Княгиня грез. История голливудской актрисы, взошедшей на трон
Шрифт:
— Трудно представить себе кого-либо более бесполезного и ненужного во всех отношениях, — жаловался Ренье Аллену. — Я пришел в ужас, когда узнал, что вашу компанию будет представлять такая дешевая пустышка.
Аллену ничего не оставалось, как самому обслуживать Монако, и за несколько лет он помог Ренье и Грейс наладить работу пресс-службы. Он уже подыскал для них пару подходящих пресс-секретарей, способных на месте решать текущие вопросы. Надя Лакост — умная энергичная женщина, ровесница Грейс — отвечала в основном на вопросы европейских изданий. Обосновавшийся в Нью-Йорке Хауэлл Конант готовил фотографии и рассылал материалы по крупнейшим американским
«Если кому-то требовалась история о Грейс, — вспоминает Конант, — то я подчеркивал, что это должна быть красивая история, а не всякие там гадости».
Предпочтение обычно отдавалось журналу «Лук».
«Когда редактором журнала был Билл Артур, — вспоминает Конант, — то он обычно присылал все материалы о Грейс для ее личного одобрения».
Кроме того, «Лук» был согласен печатать только те фотографии, что были отобраны самой Грейс.
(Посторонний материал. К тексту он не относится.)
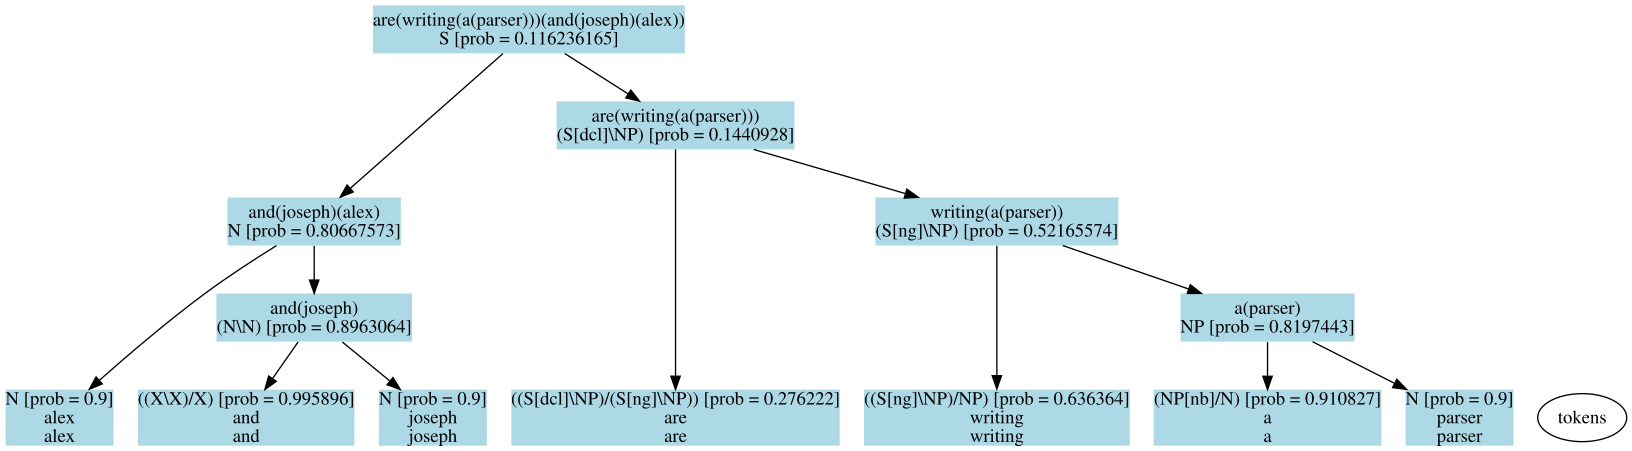 An example syntactic parse tree

««Лайф», — вспоминает Конант, — отказывался принимать эти фото, но, с другой стороны, мы редко сотрудничали с этим изданием».
Основная работа Руперта Аллена делалась вдали от посторонних глаз. Папки его переписки с Хедаой Хоппер, которые теперь находятся в архиве кинематографии в Голливуде, примечательны тем, что содержат частные «инструктивные письма», которые рассылались по просьбе заинтересованных кинозвезд журналистам, специализировавшимся на светской хронике. Их можно в шутку назвать пресс-релизами домашнего изготовления: с их помощью кое-кто из голливудских знаменитостей пытался навязать журналистам выгодную для себя историю или же исправить ту, где они были представлены в невыгодном свете. Особенно хотелось бы выделить Дэвида Нивена с его напористыми письмами, неизменно начинавшимися со слов: «Дорогая Хедда!» В случае Ренье и Грейс всю переписку за них вел Руперт Аллен.
«Я ни разу в жизни не встречал двух более счастливых людей, — писал Аллен из Гстаада в сентябре 1957 года. — Нет ни малейшего основания — да никогда и не было — для глупых слухов, распространяемых падкими на дешевые сенсации журналистами о якобы имевших место ссорах и семейных размолвках… Это счастливейшая пара из тех, кого я знаю».
У Аллена всегда имелся про запас лакомый кусочек, который он подбрасывал журналисту якобы от имени самой Грейс.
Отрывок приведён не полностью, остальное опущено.